Cabinet Minister Government of Uttar Pradesh
- Incumbent
- Assumed office 5 March 2024
- Chief Minister: Yogi Adityanath
- Ministry & Departments: Prison;
- Preceded by: Dharmveer Prajapati
- In office 19 March 2017 – 12 January 2022
- Chief Minister: Yogi Adityanath
- Ministry & Departments: Forest.; Environment; Zoological Garden;
- Preceded by: Durga Prasad Yadav
- Succeeded by: Arun Kumar Saxena

Member of Uttar Pradesh Legislative Council
- Incumbent
- Assumed office 23 January 2024
- Preceded by: Dinesh Sharma
- Constituency: elected by Legislative Assembly members

Member of Uttar Pradesh Legislative Assembly
- In office 10 March 2022 – 15 July 2023
- Preceded by: Vijay Rajbhar
- Succeeded by: Sudhakar Singh
- Constituency: Ghosi
- In office 11 March 2017 – 12 January 2022
- Preceded by: Umesh Pandey
- Succeeded by: Ram Bilash Chauhan
- Constituency: Madhuban

Member of Parliament, Lok Sabha
- In office 16 May 2009 – 16 May 2014
- Preceded by: Chandradeo Prasad Rajbhar
- Succeeded by: Harinarayan Rajbhar
- Constituency: Ghosi

Member of Parliament, Rajya Sabha
- In office 3 April 2000 – 2 April 2006
- Constituency: Uttar Pradesh
- In office 30 November 1996 – 2 April 2000
- Constituency: Uttar Pradesh

Personal details
- Born: 25 July 1963 (age 63) Galvara, Azamgarh, Uttar Pradesh
- Party: Bharatiya Janata Party(2015–Jan 2022; July 2023–present)
- Other political affiliations: Indian National Congress (before 1996) Samajwadi Party (1996-2007), (January 2022-July 2023) Bahujan Samaj Party (2007-2015)
- Spouse: Disha Chauhan
- Children: 3
- Occupation: Politician

= Dara Singh Chauhan =

Indian politician (born 1963)

Dara Singh Chauhan (born 25 July 1963) is an Indian politician, currently serving as member of legislative council, and formerly represented the Madhuban (Assembly constituency) in Uttar Pradesh as a member of Bharatiya Janata Party. He was former Cabinet Minister in Yogi Adityanath ministry. He also represented Ghosi in the 15th Lok Sabha, where he was leader of the Bahujan Samaj Party. In 16th Lok Sabha, he was defeated by Harinarayan Rajbhar who represented Bharatiya Janata Party by more than 140,000 votes.

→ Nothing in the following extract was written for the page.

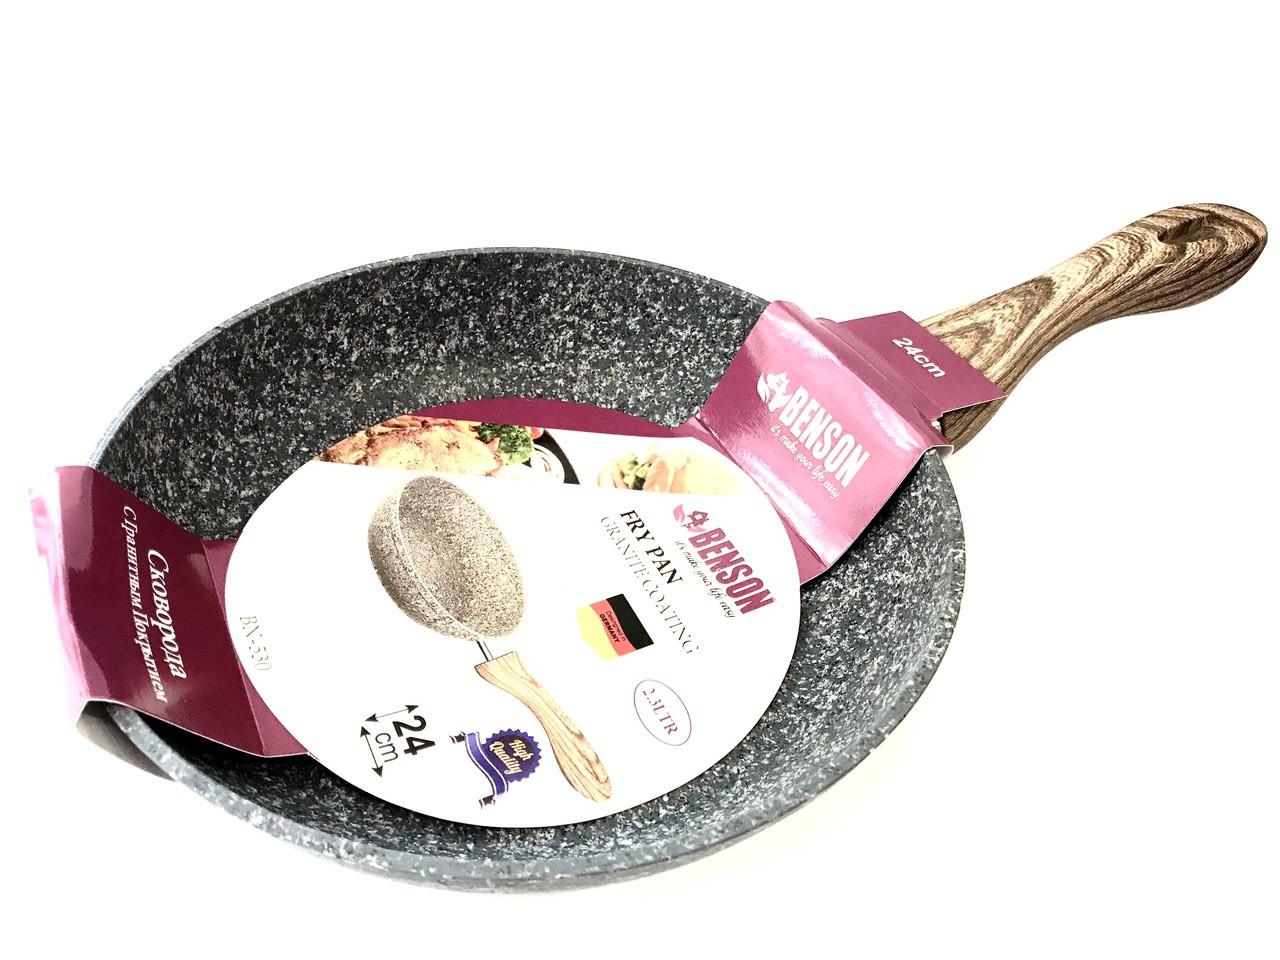 Сковорода Benson BN-530 (24 см) с антипригарным гранитным покрытием   сковородка Бенсон, сотейник Бэнсон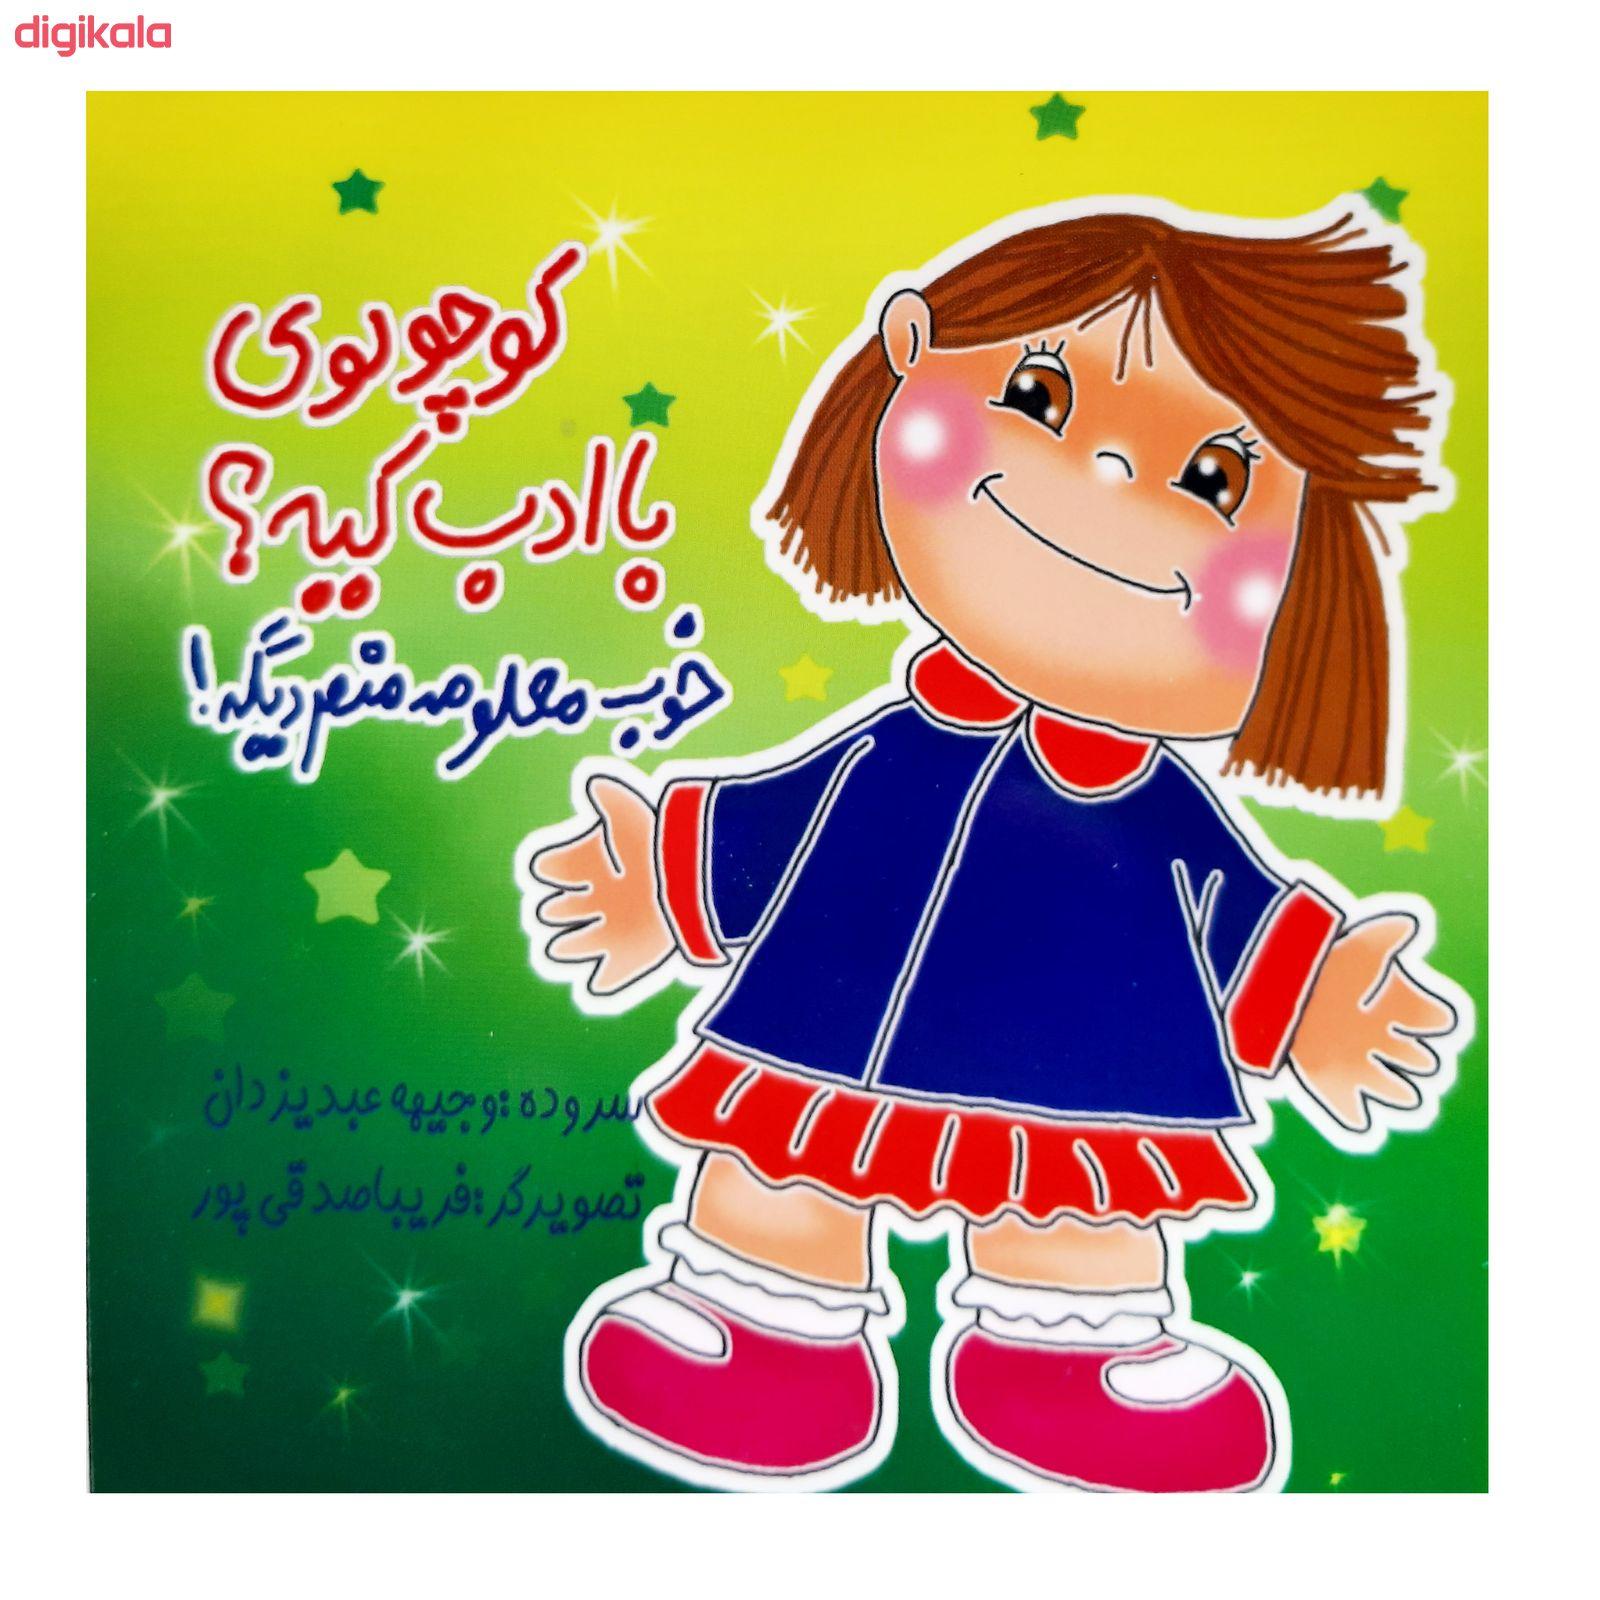 کتاب کوچولوها اثر وجیهه عبدیزدان انتشارات فرهنگ مردم 8 جلدی main 1 7

On 2 February 2015, he joined the Bharatiya Janata Party in the presence of party president Amit Shah in New Delhi.

Soon after he joined BJP, he was made BJP Chauhan Morcha President and given the ticket to fight the MLA Election from Madhuban Constituency, where many people were rallying to get BJP ticket. He won election from Madhuban Constituency by more than 30,000 votes and was able to grow saffron for first time in this constituency and become cabinet minister in U.P. government.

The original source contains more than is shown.